Navigate to Amazon EMR and click Create cluster.
Under Name and applications choose any supported EMR release for Amazon EMR release. See About Amazon EMR Releases for details on release components. For Application bundle select "Custom" and ensure that at least the following applications are checked:
- Hadoop
- Hive
- Spark
- JupyterHub
- JupyterEnterpriseGateway
Under Cluster configuration, choose your preferred configuration.
Configure the Networking for your cluster.
Under Bootstrap Actions - optional click "Add". For Script location, specify the path to the .sh script you

uploaded to S3 earlier and click Add bootstrap action.

Under Software settings - optional select "Enter configuration" and copy and paste the text below into the text box.

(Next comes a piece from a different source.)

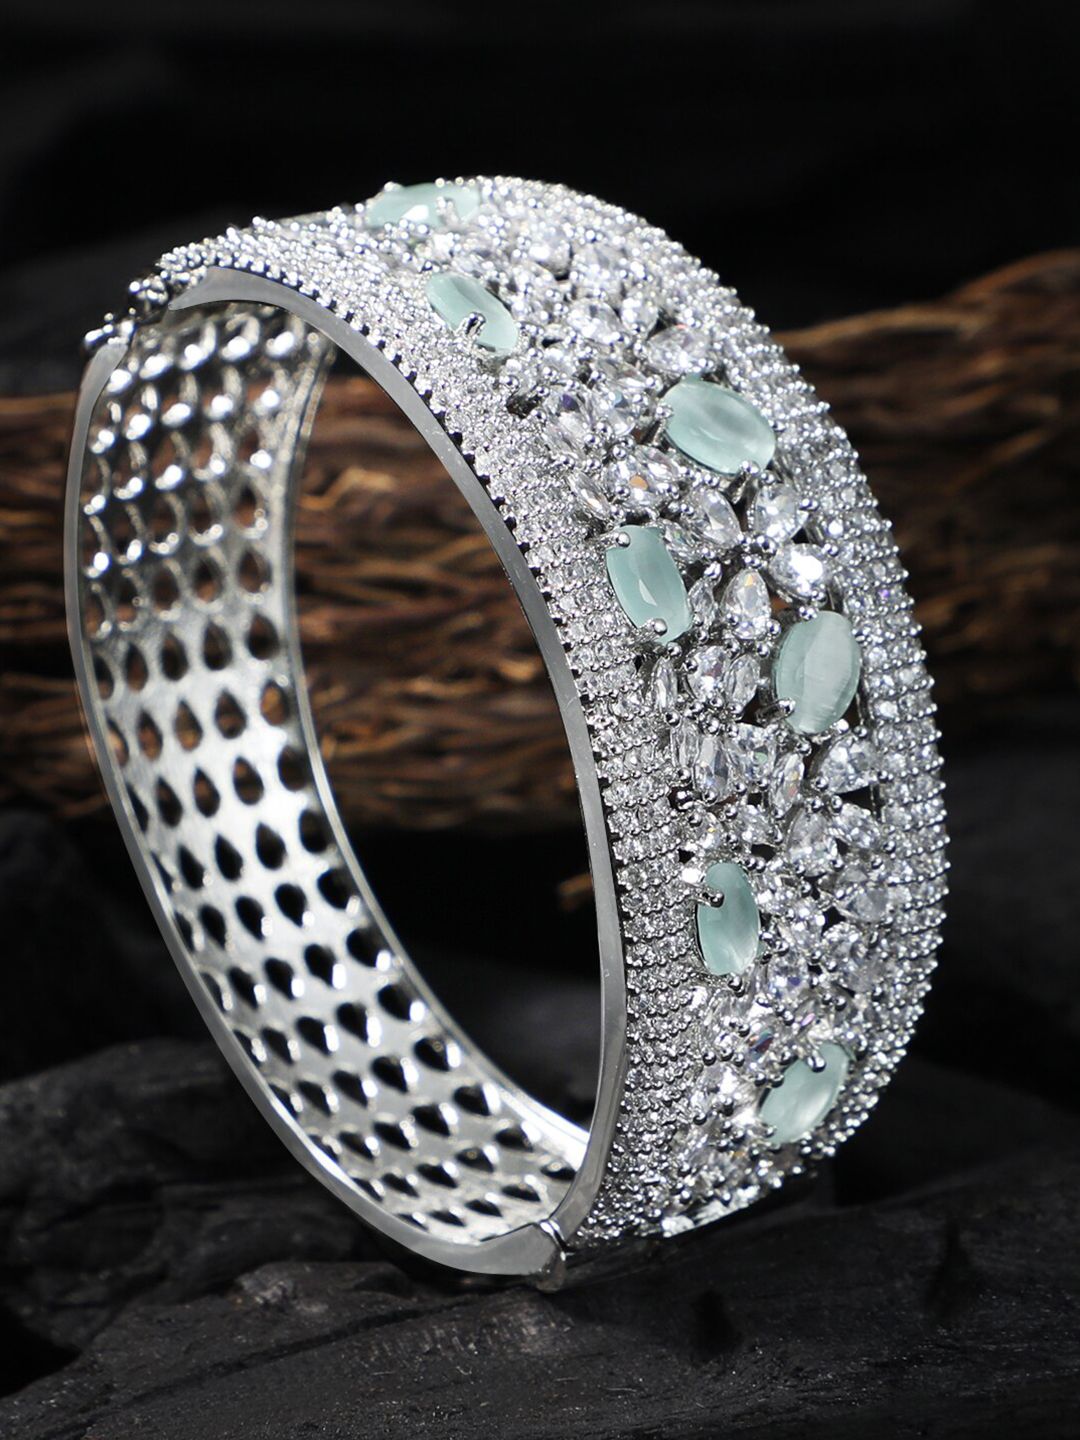 Adwitiya Collection Women Silver-Toned & Green Rhodium-Plated Bangle-Style Bracelet Price in India

Use dark colors for code blocksCopy
[
   {
      "classification":"spark-defaults",
      "properties":{
         "spark.plugins":"com.esri.geoanalytics.Plugin",
         "spark.serializer":"org.apache.spark.serializer.KryoSerializer",
         "spark.kryo.registrator":"com.esri.geoanalytics.KryoRegistrator"
      }
   }
]

Set the Identity and Access Management (IAM) roles for your cluster.
Accept the defaults for all other parameters in the previous steps or change them based on your needs.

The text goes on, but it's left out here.